An ancient art form
Meet the chefs behind every dish sent through our pass. Whether it be dine-in or take-away, our 5-star Indian chefs curate and design authentic spice blends for each dish.
The process begins by selecting only the best WA produce to spark their inspiration; Lilydale Free Range chicken, Amelia Park lamb and beef and 21/25 grade Australian Tiger prawns. The only exception is our KingClip fish, imported from New Zealand, as it is the perfect texture for curries.
Our herbs and spices are imported directly from India for the unparalleled and authentic taste we’re famous for. This also inspires our chefs with the aromas and tastes from home to create inspiring dishes.
The most recent addition to our menu – ‘The Methi Palak’ by Imran, available in chicken, lamb or paneer celebrates the earthy and slight bitterness of Fenugreek grown in Punjab.

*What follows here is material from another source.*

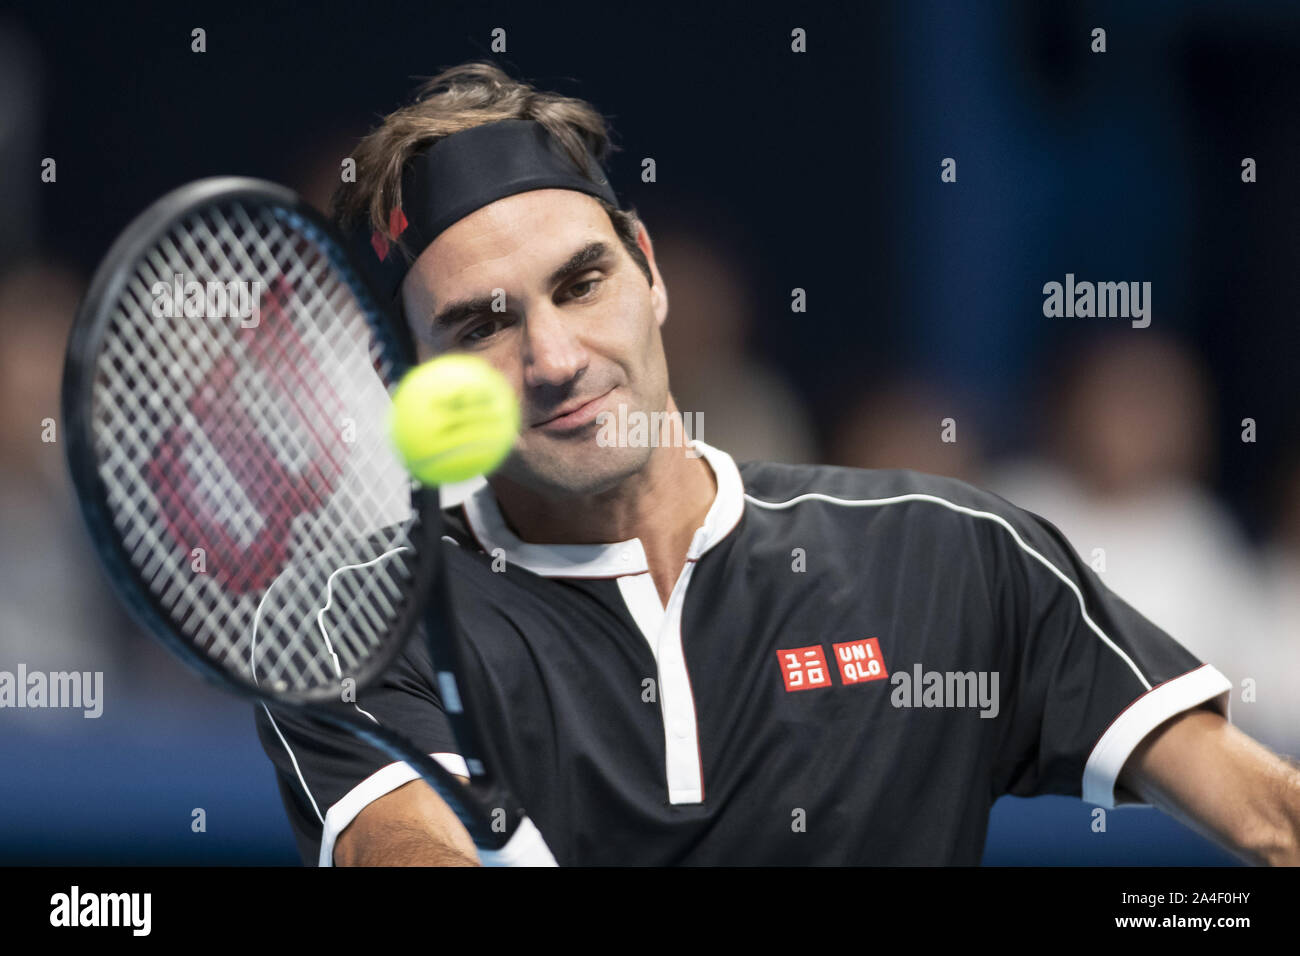 Tokyo, Japan. 14th Oct, 2019. Roger Federer is in his match v John Isner  during the UNIQLO Life Wear Day Tokyo charity event at Ariake Coliseum.  Professional tennis player Roger Federer who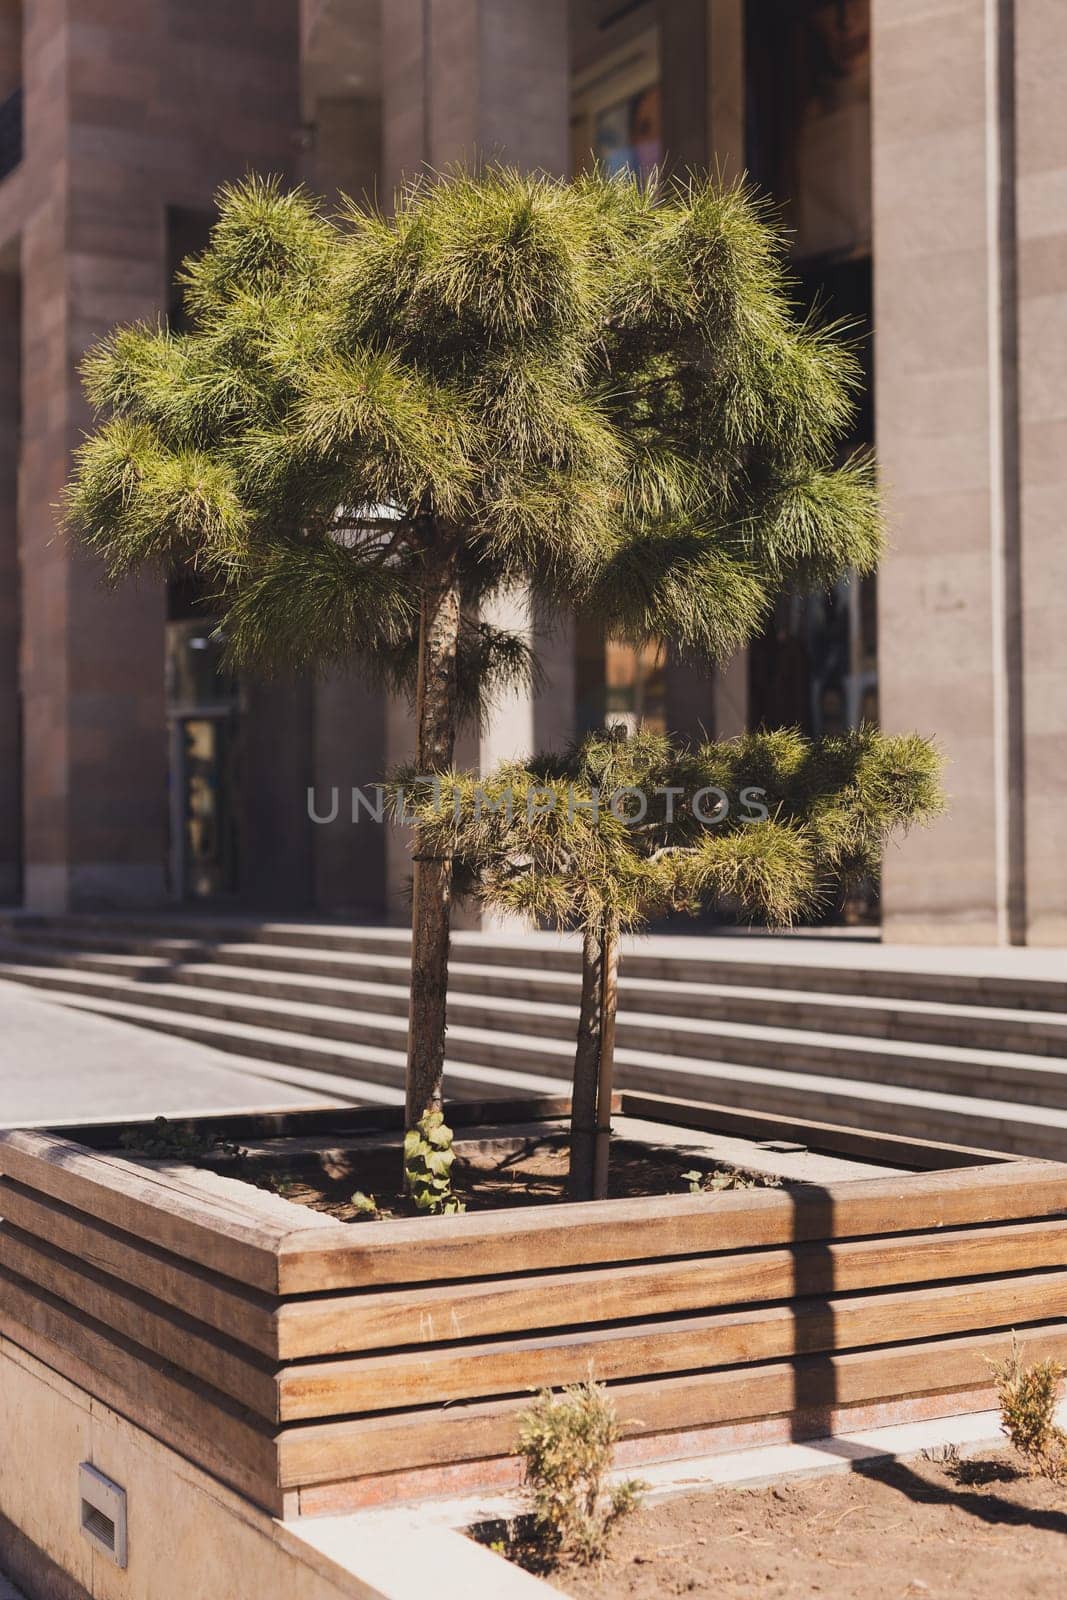 Wooden flower bed with pine tree. Originally floristic decorated street or alley in urban city centre by Satura86

Govind and Gagan are masters of the tandoori oven; grilling a selection of meats, seafood and fluffy naan bread to satisfy every taste. Our kitchen operates two authentic charcoal Tandoor ovens, that reach temperatures up to 480 degrees Celsius!
What’s even better is that our dining rooms come complete with a viewing window to watch the chefs at work in this ancient art form.
Govind’s favourite dish is Tandoori Chicken; its smokey subtle spiciness goes perfectly with the house-made mint chutney. While Gagan can’t go past our moreish vegetable samosas!